Soval stared intently at his son. It annoyed him that Sorral still used the irreverent, colloquial nickname “Dad” which many Earth children used on this particular continent, in reference to their fathers. The elder Vulcan had long since learned, however, that it was pointless to correct his son on this, as he would constantly “forget” to address his father in the proper Vulcan manner.

“Sorral,” he finally began, “I am deeply disappointed in your choice of leisure pursuits. Raucous “parties” as you call them, are not appropriate for a Vulcan male of your age…and you ought to know better than to do so in full public view. You are very well aware of the fact that Humans love salacious gossip. It is one of their many moral weaknesses. I had hoped that, after spending a year on Vulcan, you might have learned something about self-control and logic. Obviously, I was mistaken.”

“No, Dad!” Sorral began, raising his voice. He corrected himself, and spoke again, his voice this time reflecting a more level tone.

“Dad,” he replied, “I mean to say, my Honoured Father...you aren’t mistaken! I have learned a lot on Vulcan about its people, its history, its stories…I have to admit, I enjoyed it more than I thought I would.”

“Your reason for being on Vulcan was not for the purpose of enjoyment, my son,” Soval stated.

“I know, Dad, I know!” Sorral responded, “I was there in order to learn how to control my emotions and put logic at the centre of my mind and katra. I was there to fulfill my family responsibilities by marrying someone I barely knew, and who doesn’t care a hoot for me. I was there to take my place as a man in Vulcan society. Well, I tried, Dad. I worked my green-blooded butt off to try to be a better Vulcan, but I always failed. I failed because Vulcan is, and always will be, alien to me. I just don’t get all those weird-ass Vulcan traditions! I’m an Earther, I keep telling you that. I say that I’m an Earther, and you try your hardest to make me a Vulcan. We both keep failing! Why don’t we honor our chosen professions and find a diplomatic solution to all this?”
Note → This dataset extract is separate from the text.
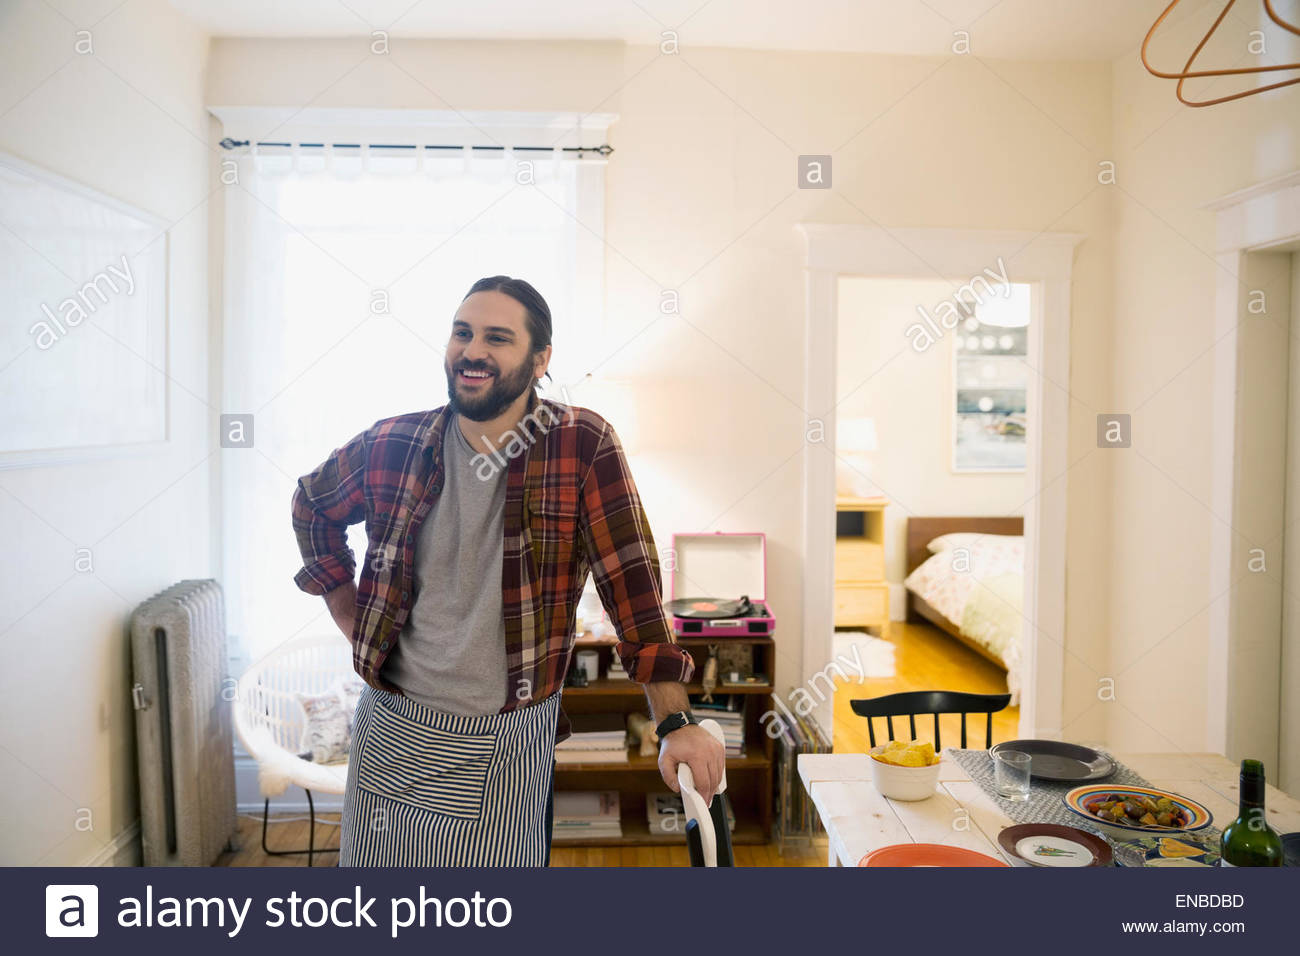 Portrait smiling man preparing for dinner party - Stock Image

Soval fought to keep the tension from his voice. “My role in your life is to be a father to you, not a diplomat,” he growled, realizing that he was losing his own battle with his emotions, “and if you believe the traditions of your ancestors to be “weird-ass” as you so crassly put it, then it is obvious to me that I have failed utterly in my paternal duty to you.”

“Dad—no!” Sorral protested, “You’ve done a fantastic job as my father—honest. I think I’ve turned out very well…at least, by Earth standards.”

Soval attempted valiantly to centre himself. Finally, he asked in an almost desperate tone, “Sorral, my Cherished Son. Did the reintegration sessions at the T’Pannok Centre have any effect at all upon your contaminated katra?

It was now Sorral’s turn to struggle with feelings of exasperation.

“Dad, no offense to the dedicated staff at the T’Pannok Centre,” he finally responded, “but I have not been “contaminated” by Human culture, and neither has my katra…my soul. I’ve been enriched by it! And besides, I have never turned into the violent, angry monster that you thought I would. Why can’t you admit that I’ve turned out just fine, and that Earth culture is no threat to me, or to any other Vulcan! I mean, come on, Dad! Let go of your prejudice for once and open your mind to another point of view! Vulcans and Earthers have been involved with each other for a hundred years. You and the other senior diplomats have been living on Earth for over thirty years—Humans and Vulcans should know each other as friends by now. Instead, we “superior” Vulcans hole up in our little compounds like scaredy-cats, too afraid to take a risk and get to know the Humans personally. I know you and Mom disagreed about that, but…she was right. We can learn a thing or two from the Humans, if we can just ditch our stubborn pride and snobby mannerisms once in a while!”

Soval hung his head. It was of no use. Nothing that he could say would convince his son of the recklessness of his path. In that, he was all too much like his emotionally volatile, passionate mother. The father held up his hand, an unspoken signal that the conversation was now at an end. Without a word, he left his son and went into the study to meditate.